Their dance moves created an international craze that is still just as big as it was a generation ago.

But next month, seven male dancers who vogued their way into American consciousness in Madonna’s “Truth or Dare” documentary will share their stories from their heyday through today.

“It was one of the best experiences of my life,” said Oliver Crumes III, who was 19-years-old when he joined Madonna’s “Blonde Ambition” tour. “She was very professional. She was fun to work with. You could tell she knew what she wanted. She’s a creative genius, like Prince or Michael Jackson.”

And when it came to voguing, Crumes said he never thought the dance would still be popular 25 years later.

“As far as voguing, I didn’t know it would be this big to this day,” he said. The first thing you do is strike a pose, and it could be any house song.”

Crumes, who now runs a music academy with his wife in Las Vegas, said his best memory from the tour was a daytime show at London’s Wembley stadium in front of nearly 200,000 people.

“We come out on the show dressed as working men, and when they stayed the music, our heads were down. We all kind of paused and looked up. I know for me, I was in shock throughout the whole number…It was mind blowing.”

Crumes is one of seven dancers whose stories are featured in “Strike A Pose,” which airs April 6 on Logo and will be released April 9 on Netflix.

Another dancer, Carlton Wilborn, said that all of the performers had been offered deals to share their stories before, but they went with this documentary because the directors promised to “honor our voice.”
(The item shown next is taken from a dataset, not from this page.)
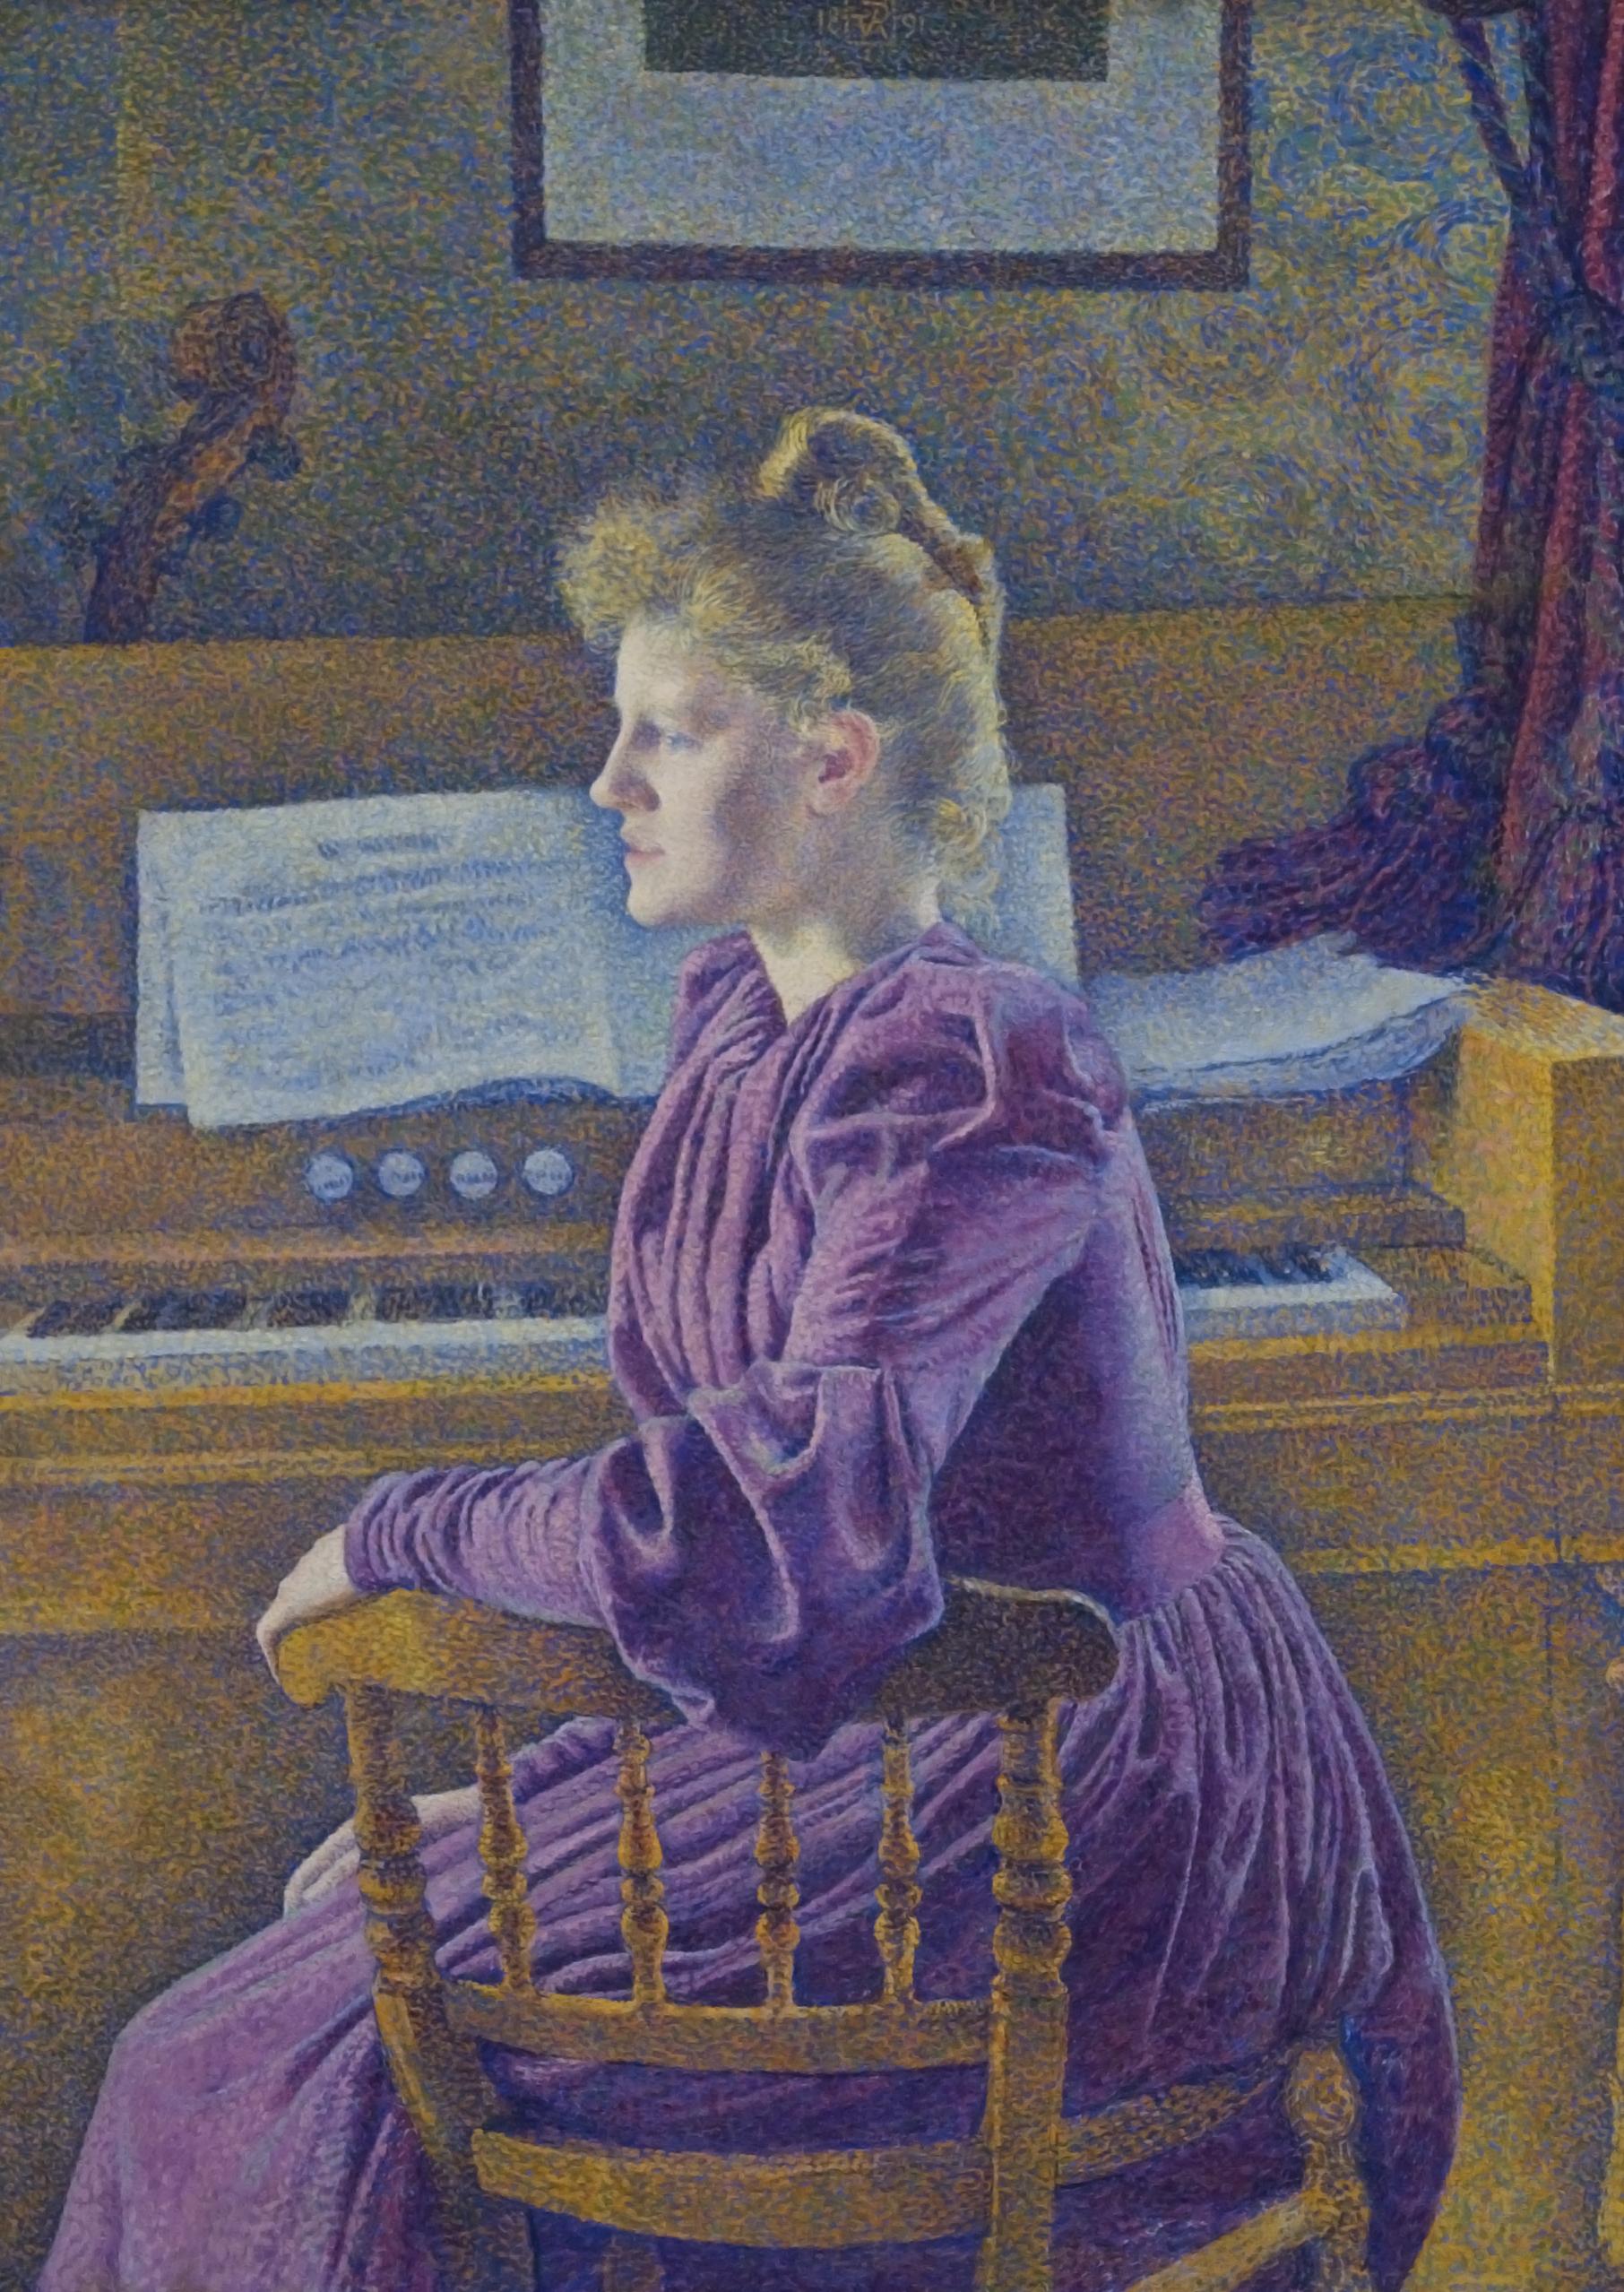 Théo van Rysselberghe - Mevrouw Henry Van de Velde-Sèthe  [1921]

“It’s been a tricky thing since when we did the gig back in the 90s,” Wilborn explained. “We’ve all been sensitive about it. They wanted to create something that would honor our voice. That was the twist on it. It wasn’t going to be us just talking about her, or the scandal or the controversy.”

The life coach and actor said he remembered Mandonna treating all of the performers well: they always flew private, each dancer had their own suite wherever they stayed and had mandatory riders before every show.

“That’s just a once in a lifetime experience,” Wilborn, who now works as a life coach, told us from L.A. “So to me, the takeaway (from Strike A Pose) is hope. Stay in a space of hope, because it ain’t over till it’s over and you don’t know what glory God is in the works of.”